(Ante todo, mis disculpas por el tiempo en que el blog estuvo sin actualizarse. Lo iremos retomando de a poco. La charla de Ana María Bovo en la Feria del Libro, y algunos pensamientos que me despertó, son una buena excusa para emprender ese regreso.)
En esta tarea, sostuvo que era necesario alejarse del arquetipo. Que había que amar a todos los personajes, aún los más antipáticos (esto se traduce en darles a todos la entidad necesaria, de dotarlos de interés). Contó que cada vez que construye o recrea un personaje convergen en su memoria infinidad de detalles que podrían vestirlo, provenientes de referentes de la vida real, o de personajes de películas. Es en este punto donde asume la tarea de recorte: elegir qué detalles va a incorporar, qué se va a contar de ese personaje, qué material apartará para otros personajes (y no usará en éste), y qué información usará para poder representar internamente al personaje sin contarla a la audiencia.
Si bien éste es uno de los grandes desafíos de las adaptaciones, también se da en la creación “desde cero” de los personajes. Y en los cuentos esto se vuelve incluso más crítico. Elegir dónde poner la tijera para que el personaje quede bien perfilado, y sin embargo (por esta cuestión de que la narración escrita es un hecho secuencial) el relato siga avanzando, es muy difícil. Bovo destacó otra ventaja de este recorte: es allí, en ese faltante, donde el lector se involucra, completando en su cabeza a partir de la propia experiencia. Algo parecido se da en el cine. Tenemos la ilusión de saberlo todo sobre el personaje, pero en realidad sabemos muy poquito, y el resto es aporte propio del lector o de la audiencia. Es un mecanismo atávico: nuestro cerebro no soporta el vacío, necesita llenarlo, y lo hace a partir de la propia experiencia.
Este “faltante” es vital. Pocos lo definieron con tanta precisión como Pedro Mairal en su novela Salvatierra (Emecé, 2008). En la novela, el padre del protagonista pintó en secreto una serie de rollos larguísimos que registraban la vida en su pueblo litoraleño. A la muerte de Salvatierra padre, el hijo intenta recuperar todos esos rollos donde está plasmada su vida. Pero algo lo preocupa.

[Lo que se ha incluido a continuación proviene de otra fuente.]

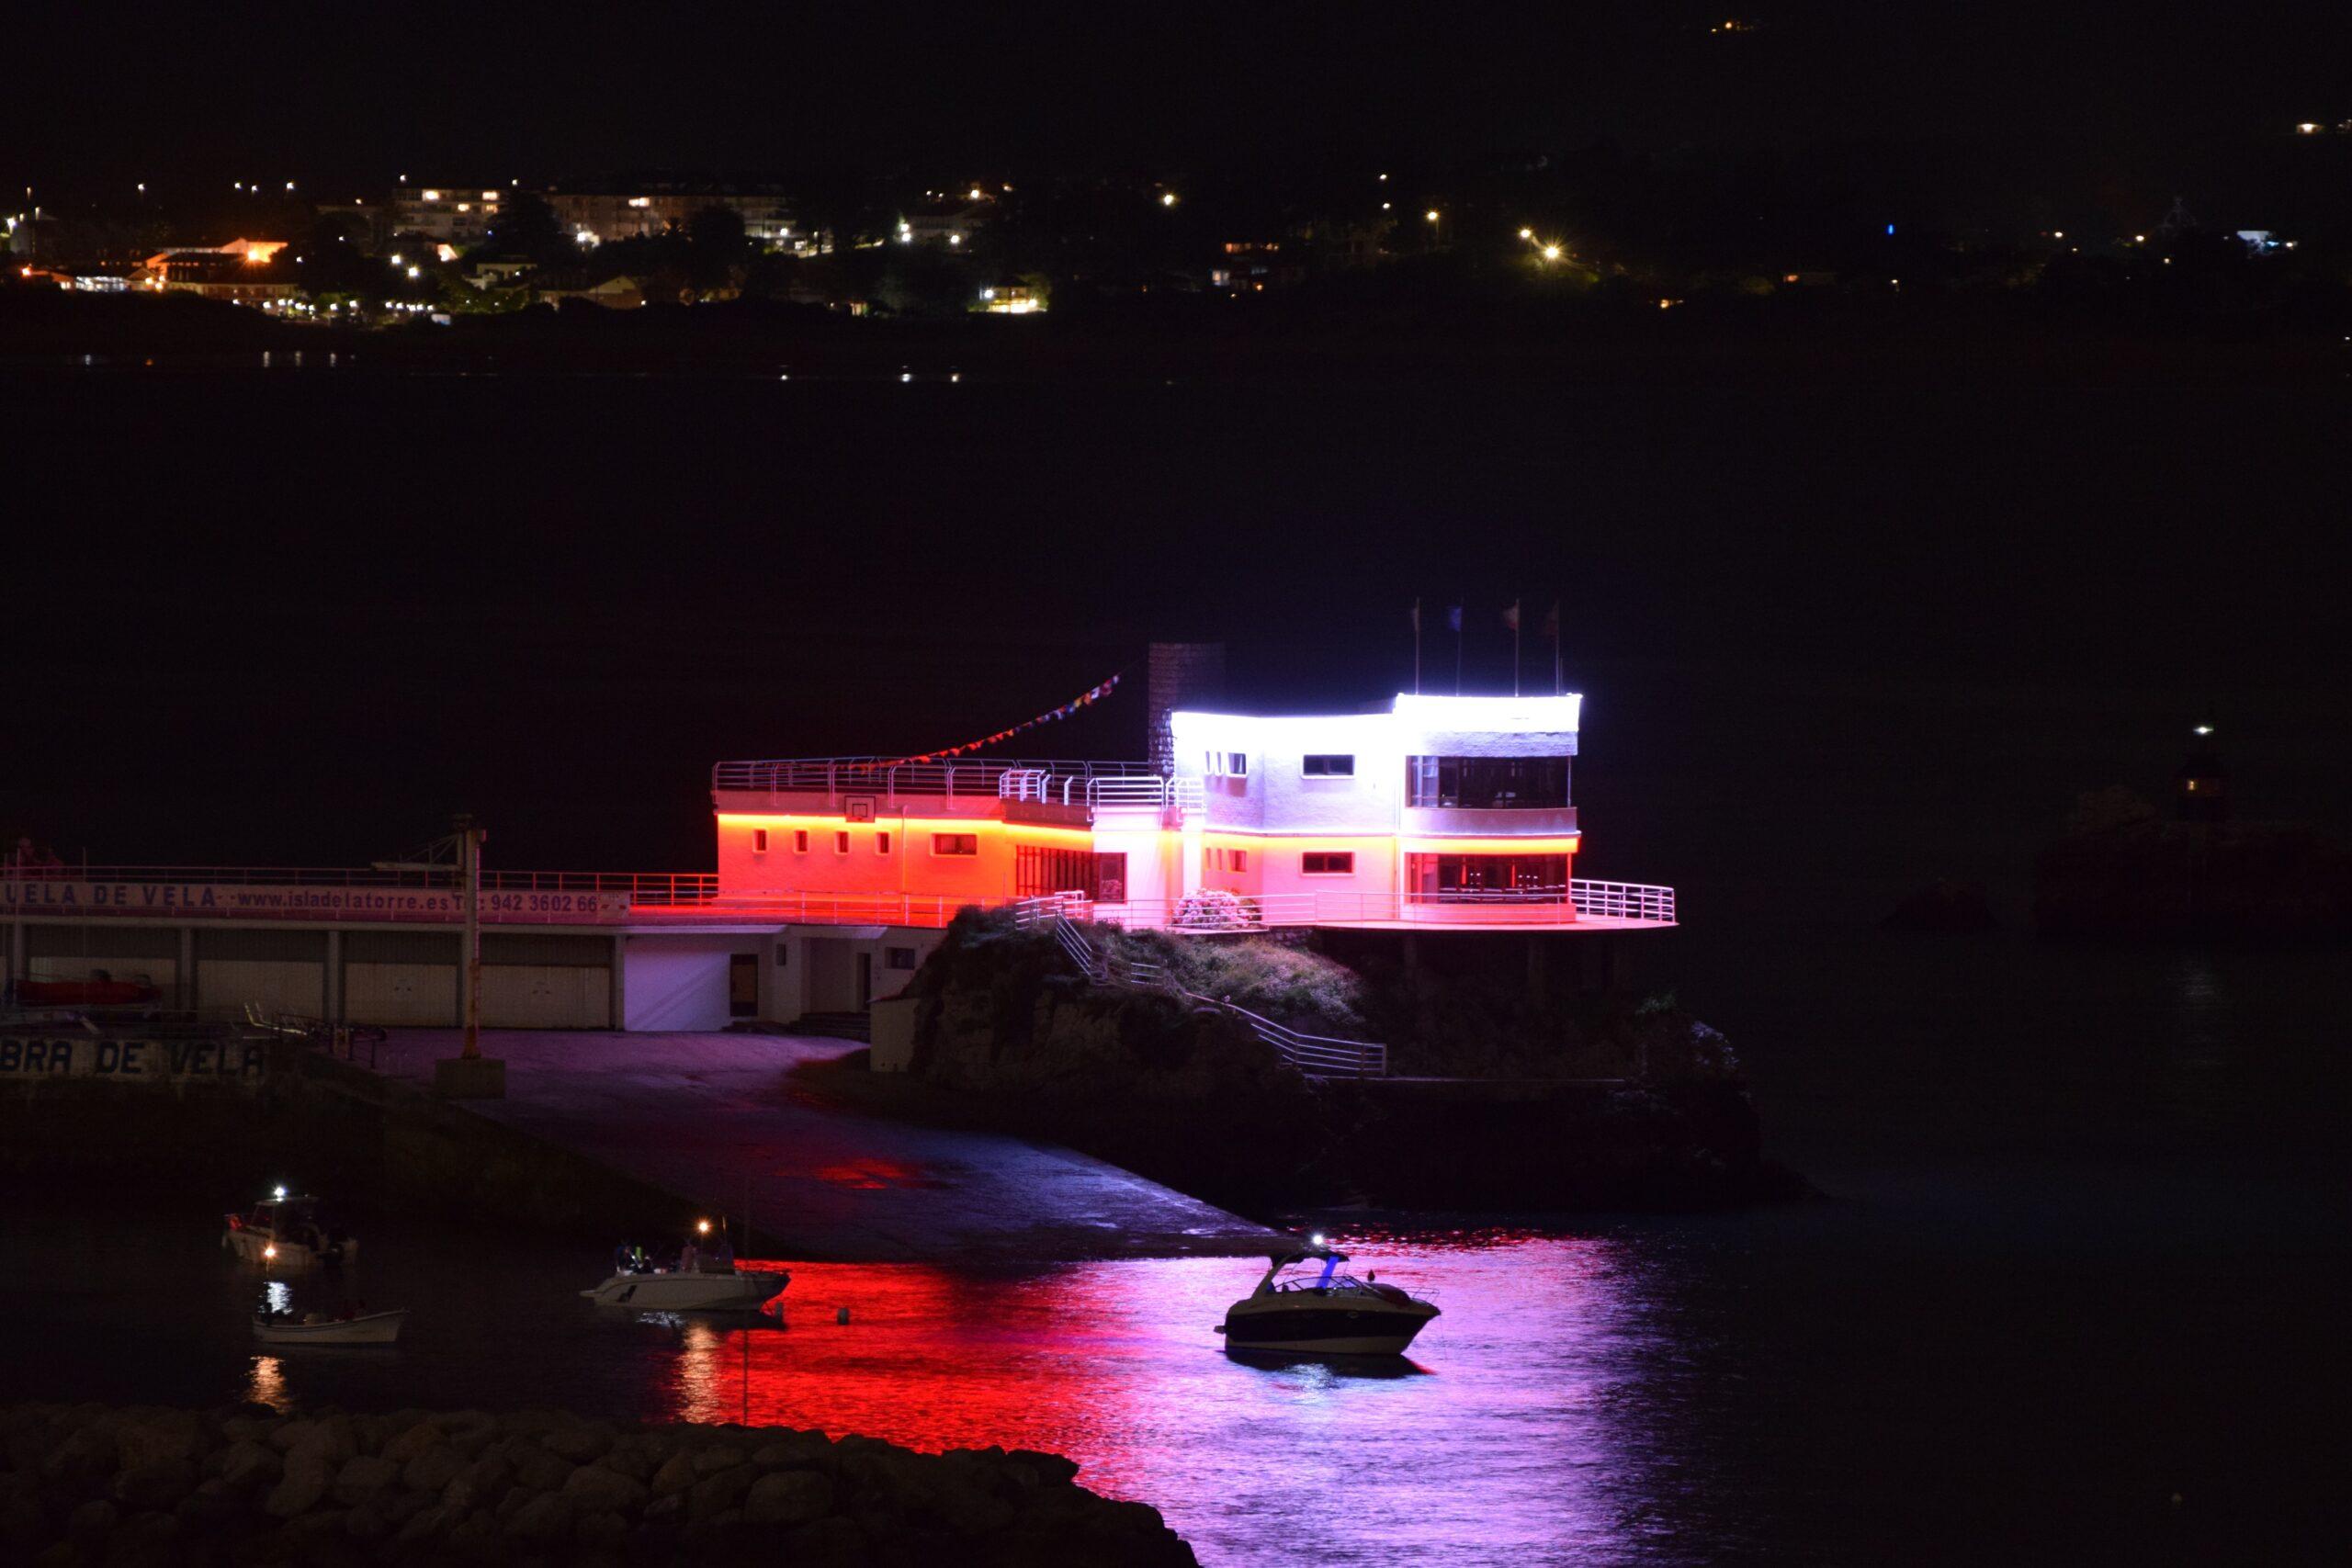 La Autoridad Portuaria de Santander ilumina la Isla de Torre

Encontrar el tramo faltante era algo que necesitaba hacer para que el cuadro no fuera infinito. Si faltaba un rollo, no iba a poder mirarlo todo, conocerlo todo, y seguiría habiendo incógnitas, cosas que Salvatierra quizá había pintado sin que yo lo supiera. Pero si lo encontraba, habría un límite para ese mundo de imágenes. El infinito tendría borde y yo podría encontrar algo que él no hubiera pintado. Algo mío…
El escritor y el narrador, creo, se mueven en la dirección contraria a lo que expresa el párrafo anterior. El hijo de Salvatierra quiere salir de la pintura, y los escritores pretendemos incluir al lector, de alguna manera, en nuestra narración. Queremos que el cuadro (el personaje) sea “infinito”. Claro, ninguno tiene el poder de pintar a un personaje por completo, como si fuera una persona, y eso tampoco es deseable dentro de la literatura, como tampoco lo es en el cine. Se requiere una síntesis, unas pocas pinceladas que marquen el territorio, y el resto será abismo, al que el lector se asomará para verse reflejado.